**WHAT IS EXPECTED:** Please produce an exact copy of only the lines from the one with "Fire Cracker (PPU2-16)" through the last one of the material, without pictures.

**DATA SEGMENT:**
=-=-=

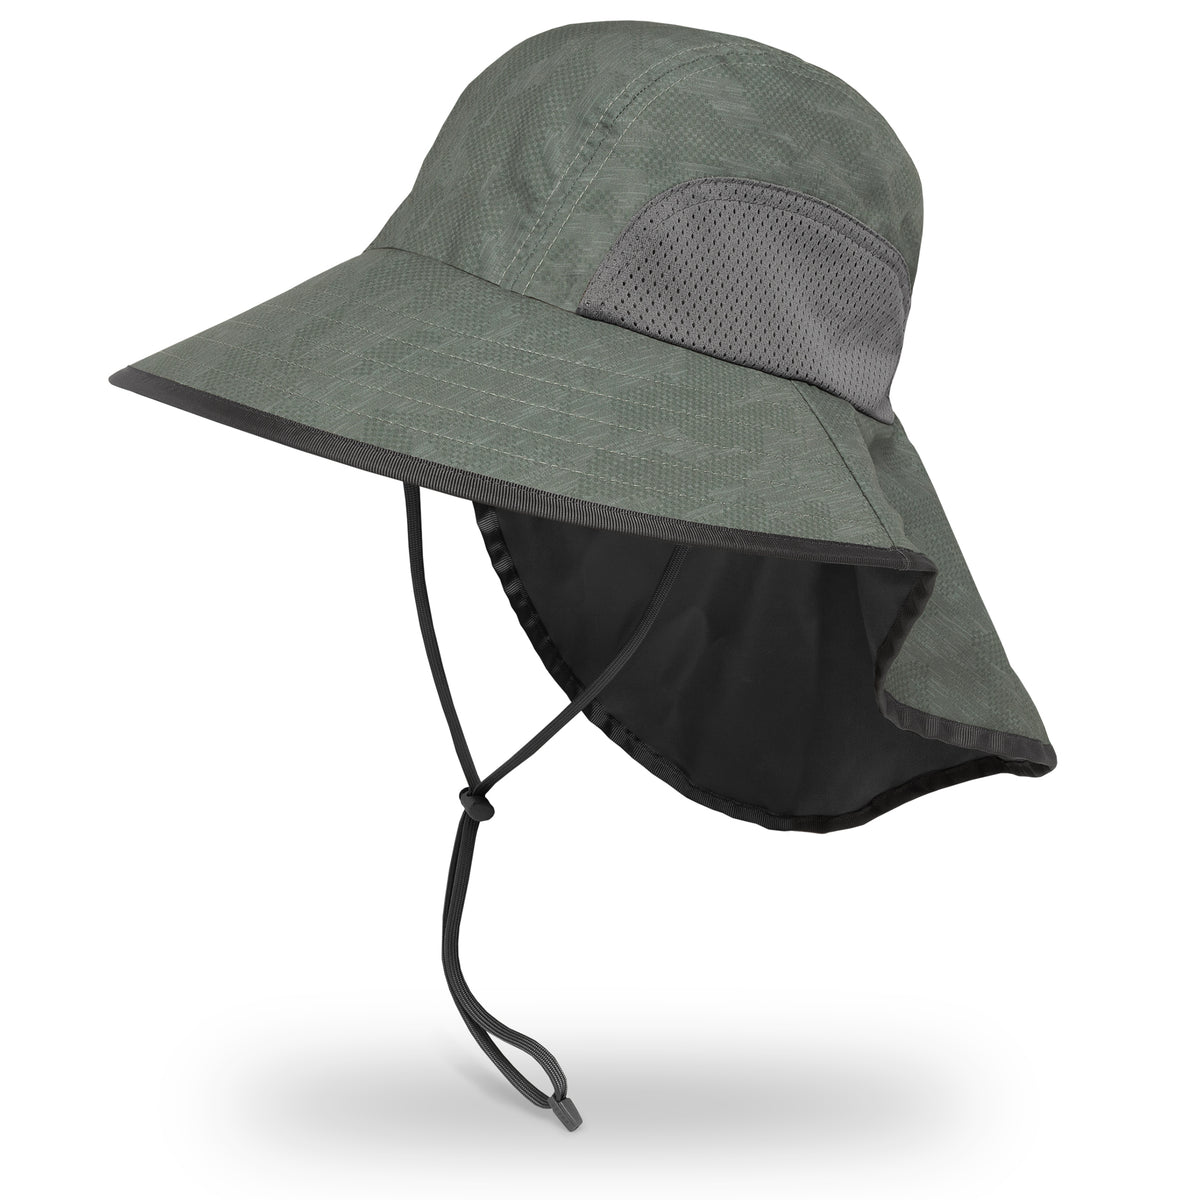 Top Headwear Safari Explorer Bucket Hat With Flap Neck Cover - Beige, Large
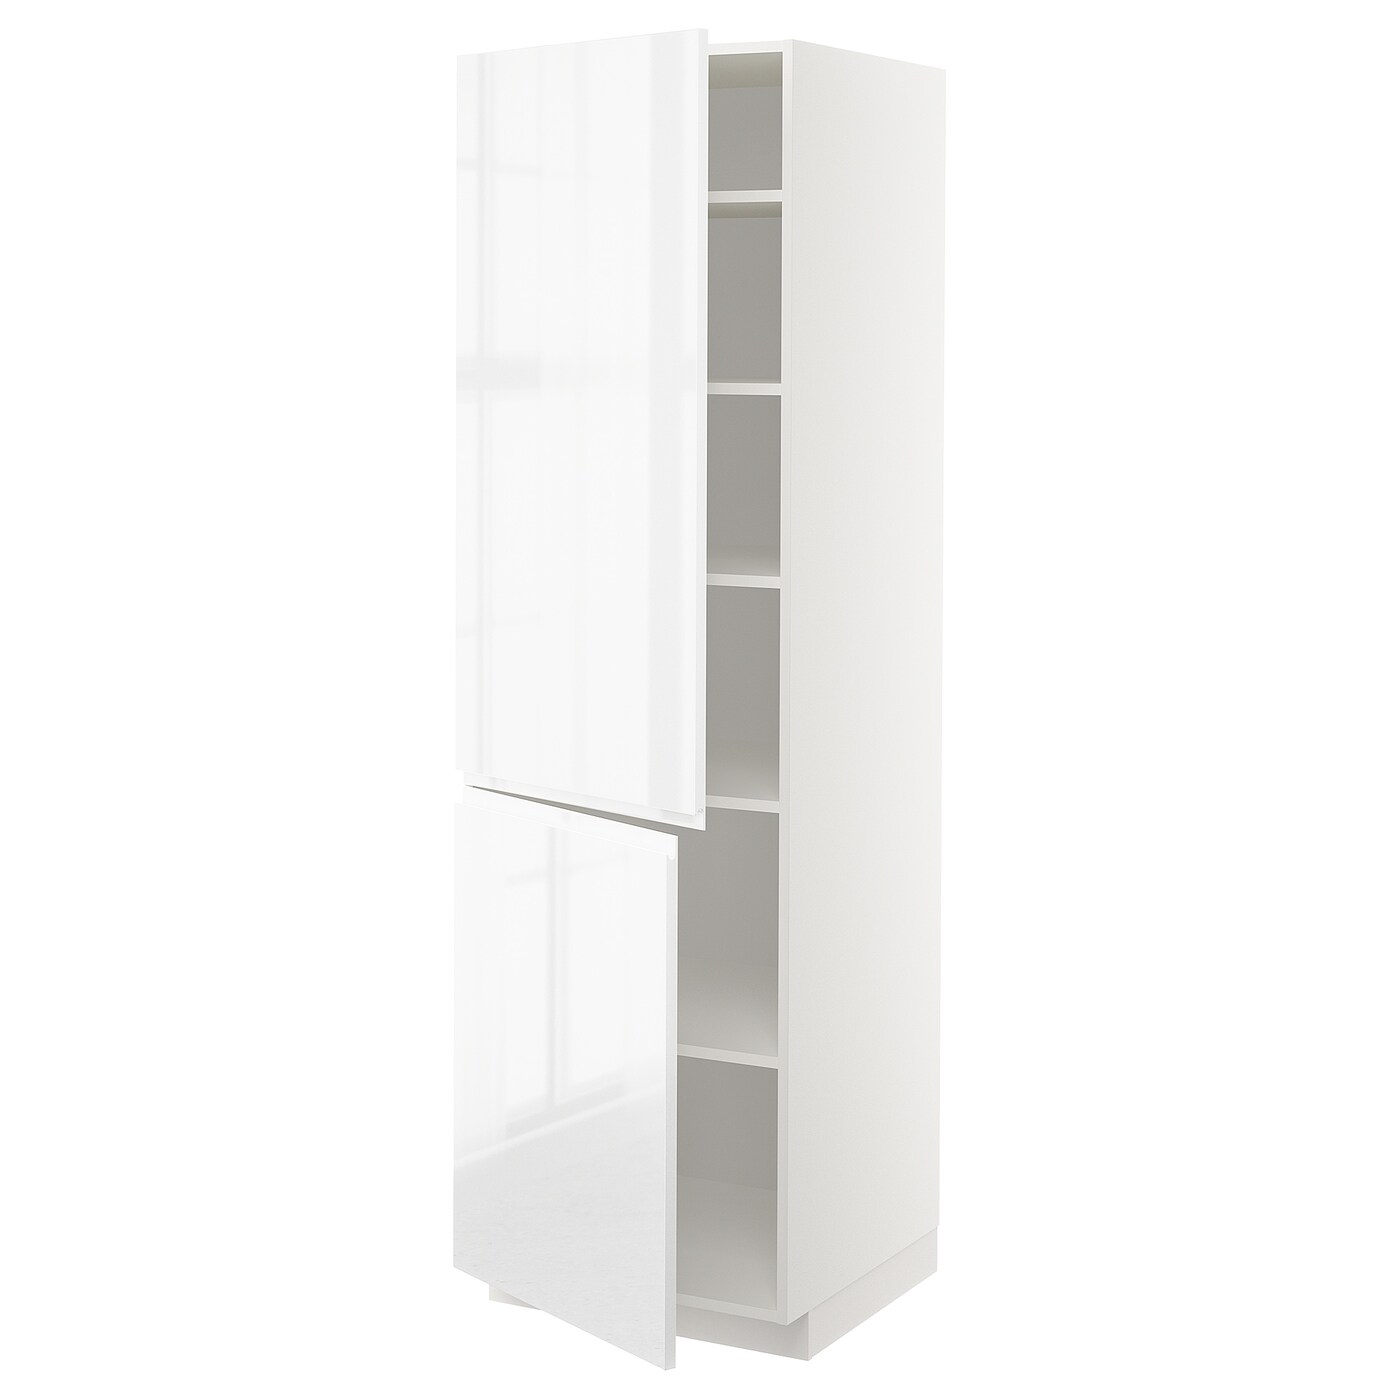 Высокий кухонный шкаф с полками - IKEA METOD/МЕТОД ИКЕА, 200х60х60 см, белый глянцевый
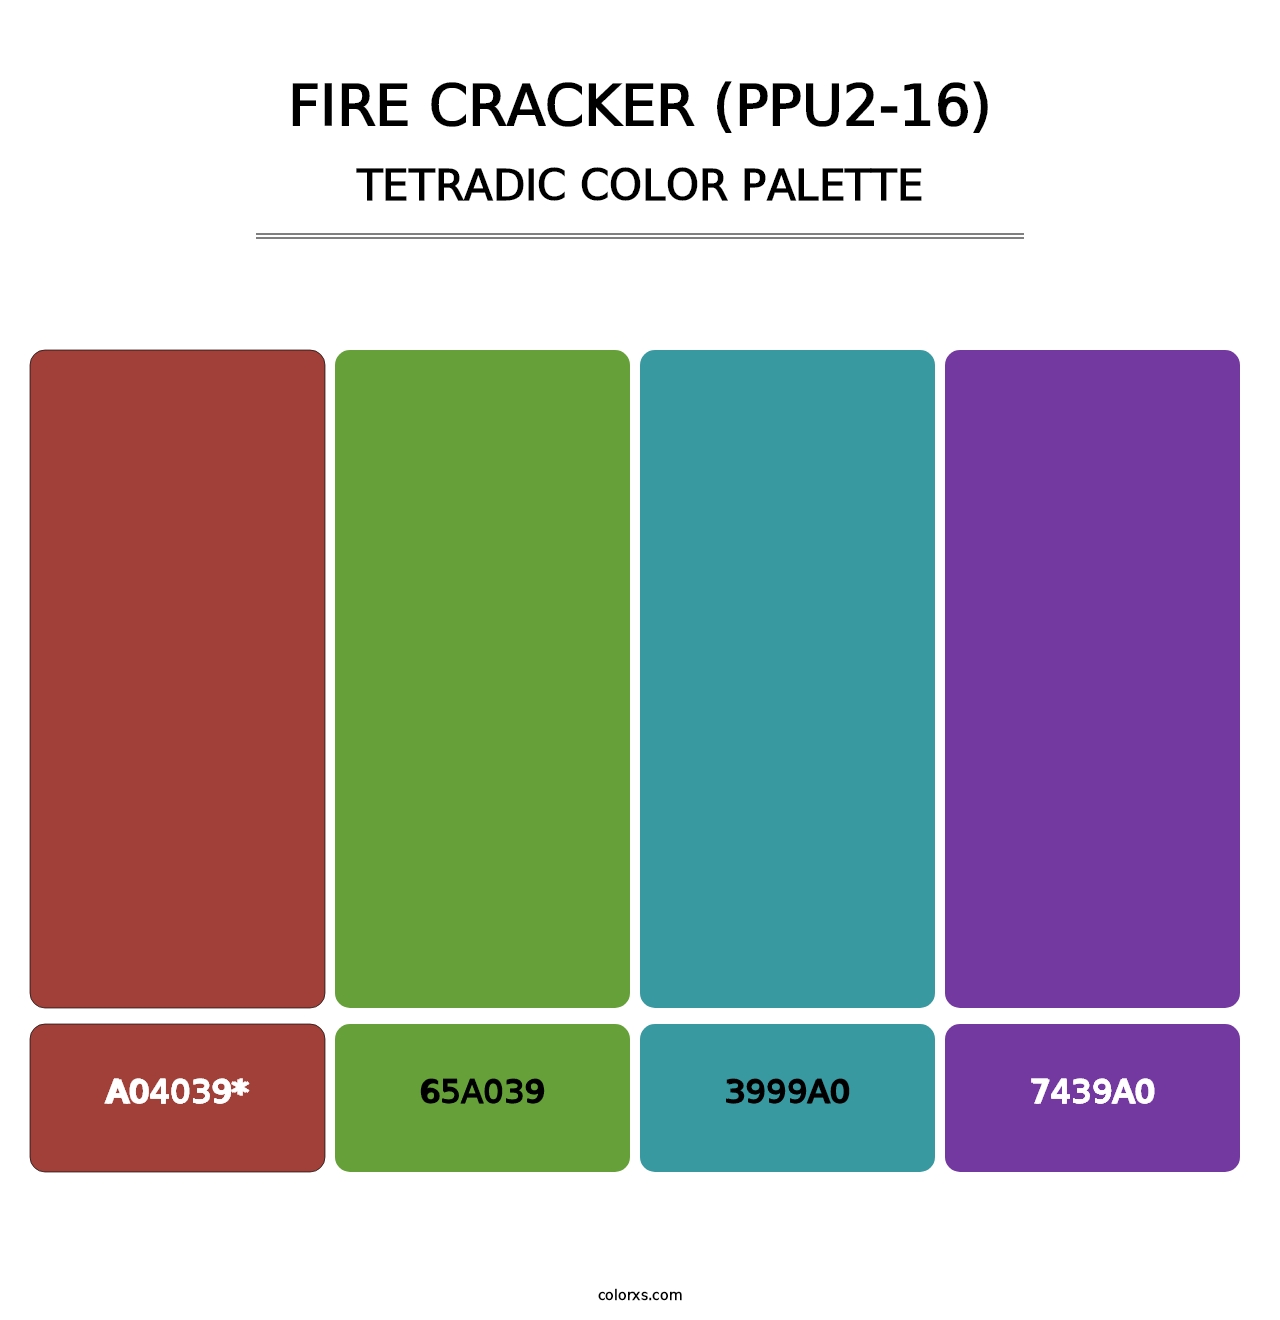 Fire Cracker (PPU2-16) - Tetradic Color Palette
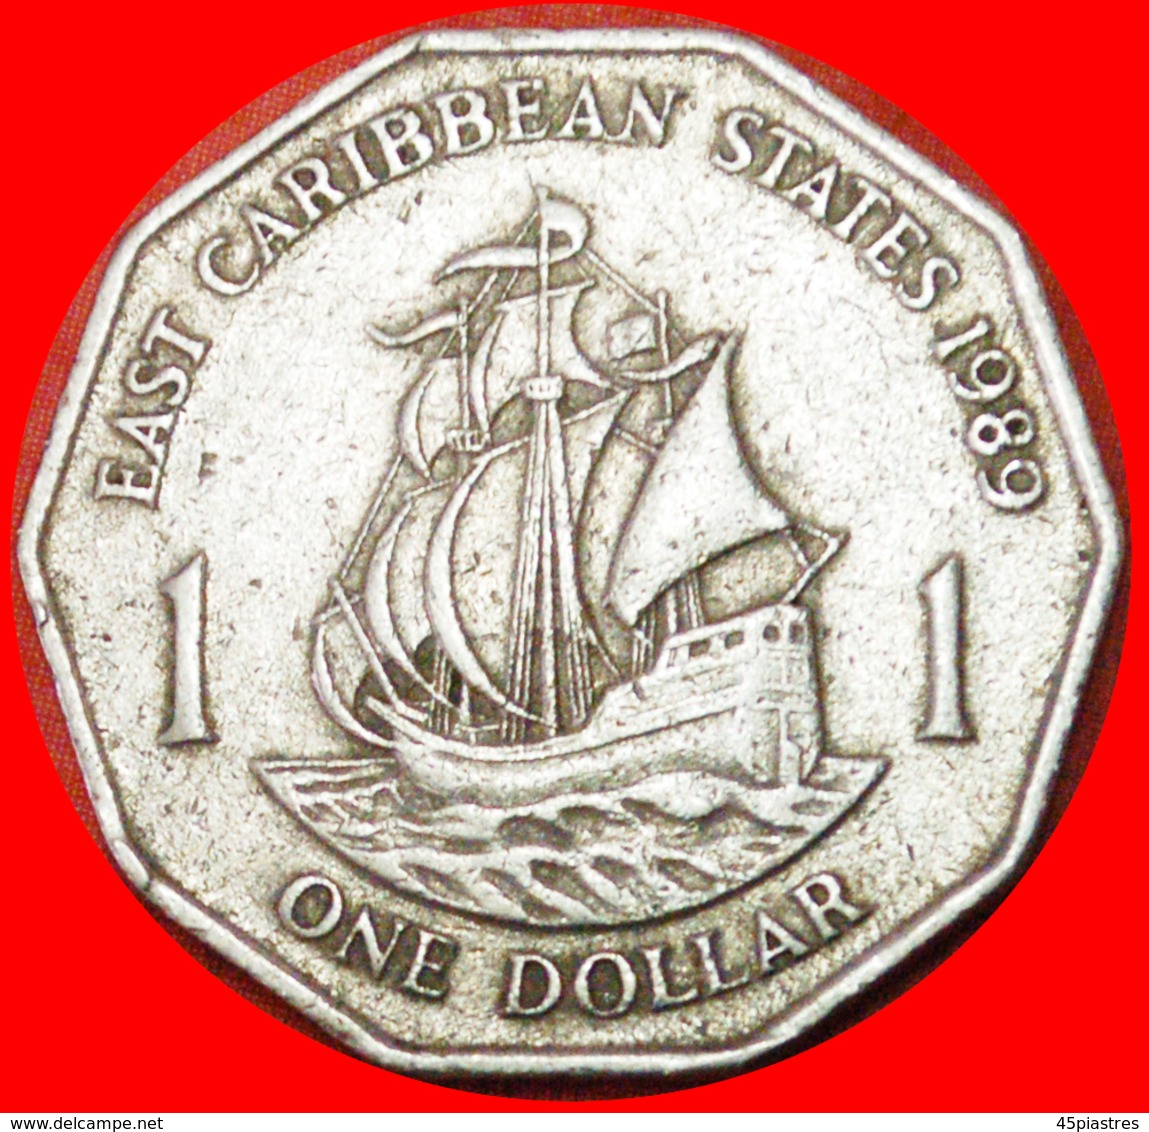 # SHIP Of Sir Francis Drake (1542-1596): EAST CARIBBEAN STATES ★ 1 DOLLAR 1989! LOW START ★ NO RESERVE! - Caraïbes Orientales (Etats Des)

=-=-=

**EXERCISE OUTPUT:**
 Fire Cracker (PPU2-16) - Tetradic Color Palette
 # SHIP Of Sir Francis Drake (1542-1596): EAST CARIBBEAN STATES ★ 1 DOLLAR 1989! LOW START ★ NO RESERVE! - Caraïbes Orientales (Etats Des)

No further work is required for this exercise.